Но как бы голодно ни жилось сотрудникам «Моряка», жизнь в редакции кипела. Все в этой газете первых лет революции представляло зрелище непривычное и даже для видавших виды одесситов удивительное, начиная с внешнего облика (в Одессе не хватало бумаги, поэтому «Моряк» печатался на обороте разноцветных чайных бандеролей) и кончая содержанием. Дело в том, что редакцию настолько воодушевляла идея будущего всемирного содружества «братьев-водников», что среди многих великих задач революции она усерднее всего пропагандировала именно эту. Недаром первую страницу газеты однажды даже украсил лозунг: «Пролетарии всех морей, соединяйтесь!», напечатанный в лучах Воронцовского маяка сразу на трех языках: русском, французском и английском. В морских темах не было, конечно, недостатка. Вперемежку с последними политическими телеграммами публиковались очерки о писателях-моряках от Николая Бестужева и Эжена Сю до «поэта моря» Константина Бальмонта. Рядом с выдержками из пламенной «Библии моряка» аргентинского матроса-революционера Тома Баркера — сведения о рейсах черноморских, азовских и каспийских судов. А заодно — подробная информация о ценах константинопольского рынка на консервы, мужские ботинки, дамское трико, макароны, гвозди и прочие дефицитные товары, как будто специально предназначенная для спекулянтов и контрабандистов всего Черноморского побережья.

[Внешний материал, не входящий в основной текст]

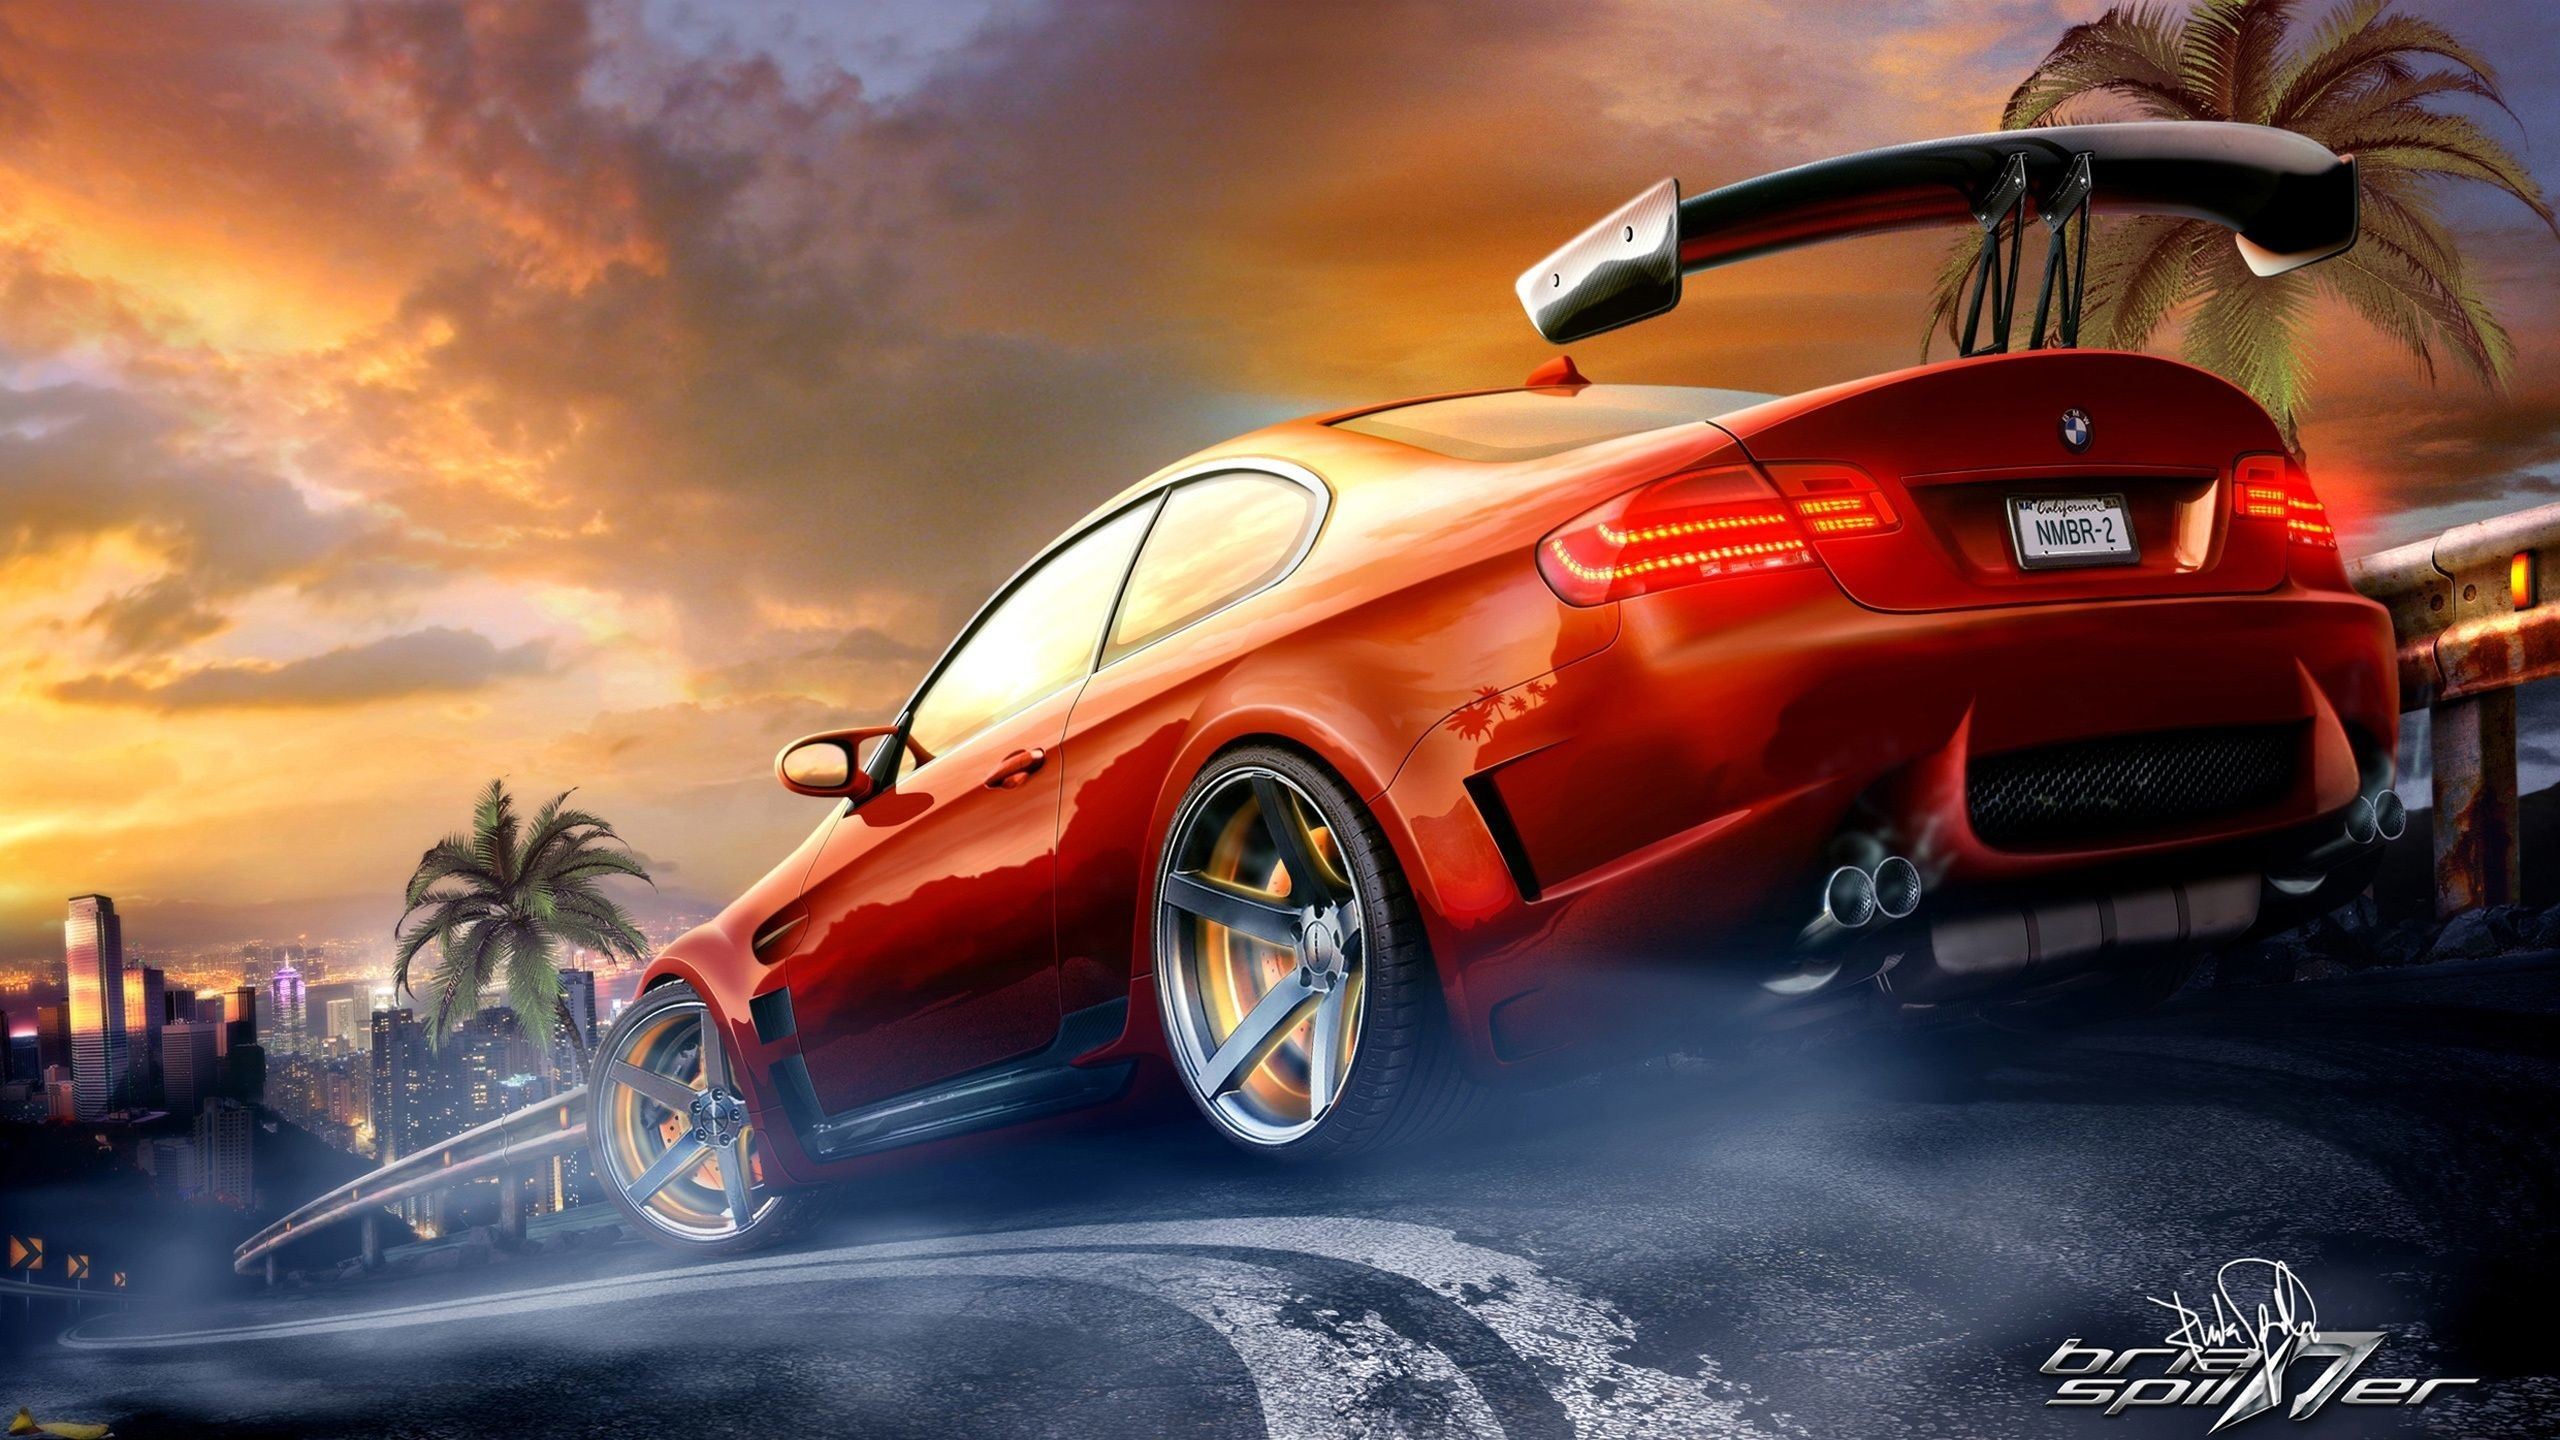 2560x1440 Street Racing Cars Wallpapers Desktop Pc Racing Car Wallpaper Hd Pc 2560x1440 Wallpaper Teahub Io
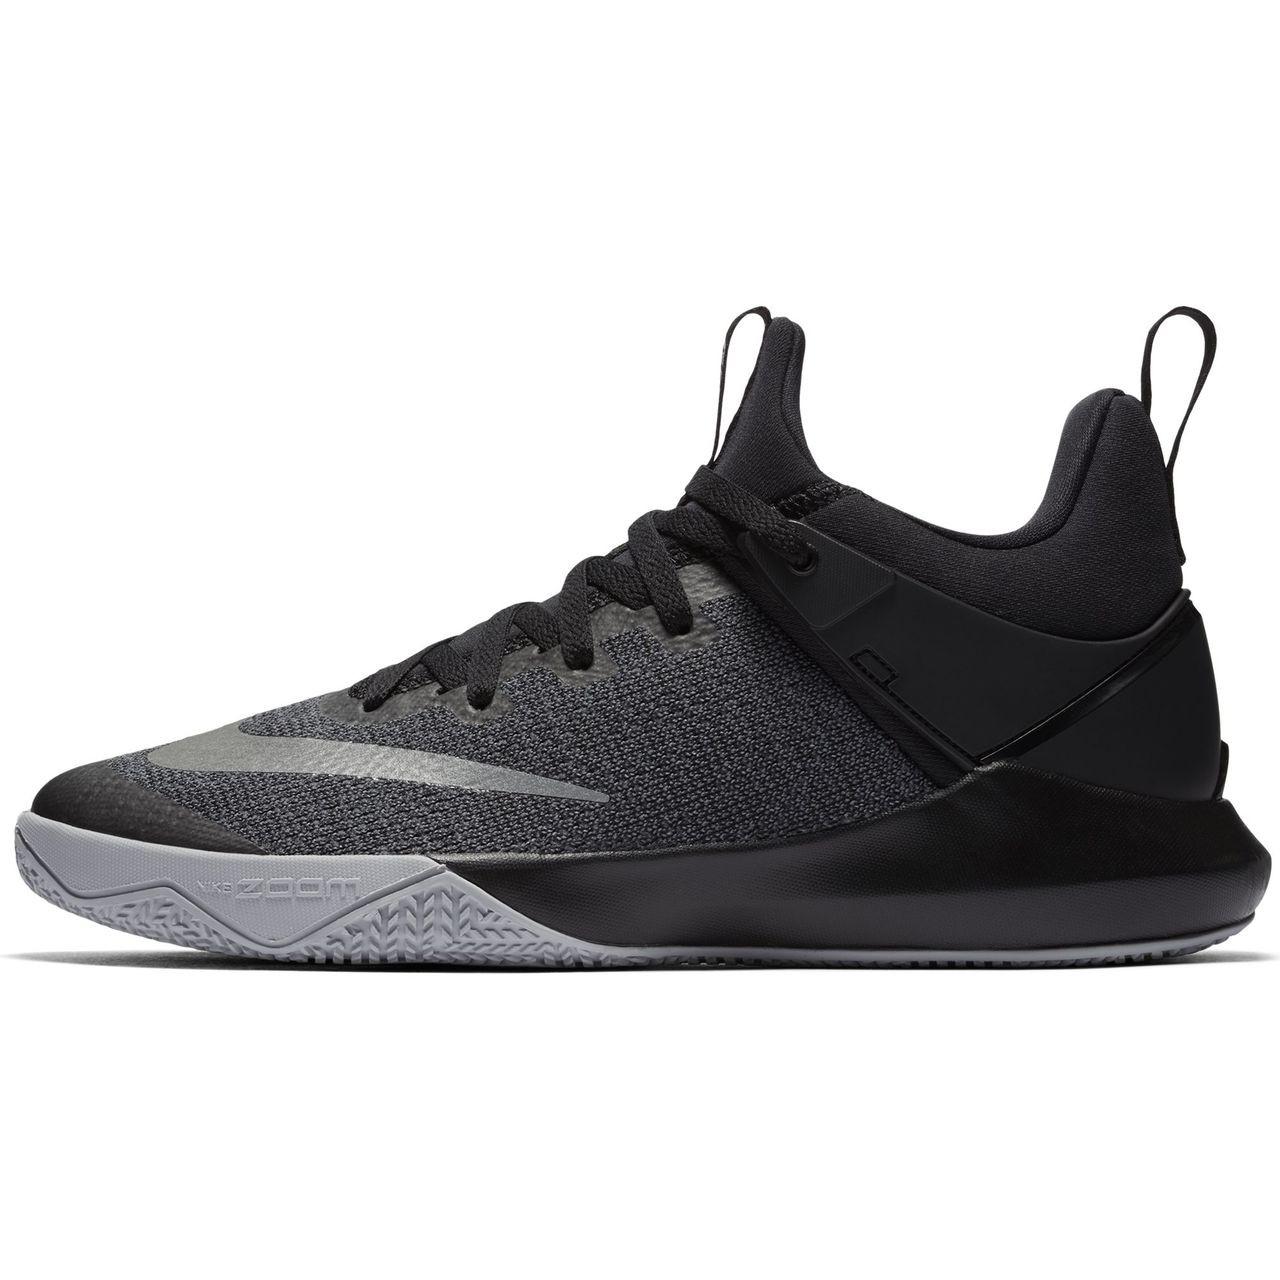 usa cheap sale best hot sales Nike Men's Zoom Shift TB - Black/Grey - Athlete Performance ...

В газете, наивно стремившейся воспринимать все события революции «сквозь призму моря», Ильф тоже писал на морские темы. В разрозненном комплекте «Моряка» за 1921— 1922 годы, который мне довелось держать в руках, Ильфу, по всей вероятности, принадлежал репортаж об открытии одесского интерната для детей водников, подписанный одним из его псевдонимов. Это были пока еще скромные журналистские опыты. Однако, сотрудничая в Югроста и в одесских газетах, Ильф приобретал необходимые навыки, которые ему впоследствии очень пригодились в «Гудке», а как писатель — накапливал впрок интересные житейские наблюдения.
В отличие от Ильфа, Евгений Петров-Катаев совсем не помышлял о профессии писателя, журналиста. К литературе его приобщал старший брат, Валентин. В шестнадцать лет Валентин Катаев уже напечатал в одесских газетах несколько стихотворений и, отправляясь путешествовать по редакциям, непременно брал с собой младшего брата, которому тогда гораздо больше нравилось разгуливать по крышам, чем приобщаться к литературе. Много лет спустя Петров вспоминал такие сценки: «Женька, идем в редакцию!». Я ревел. Он водил меня, потому что ему одному идти было страшно».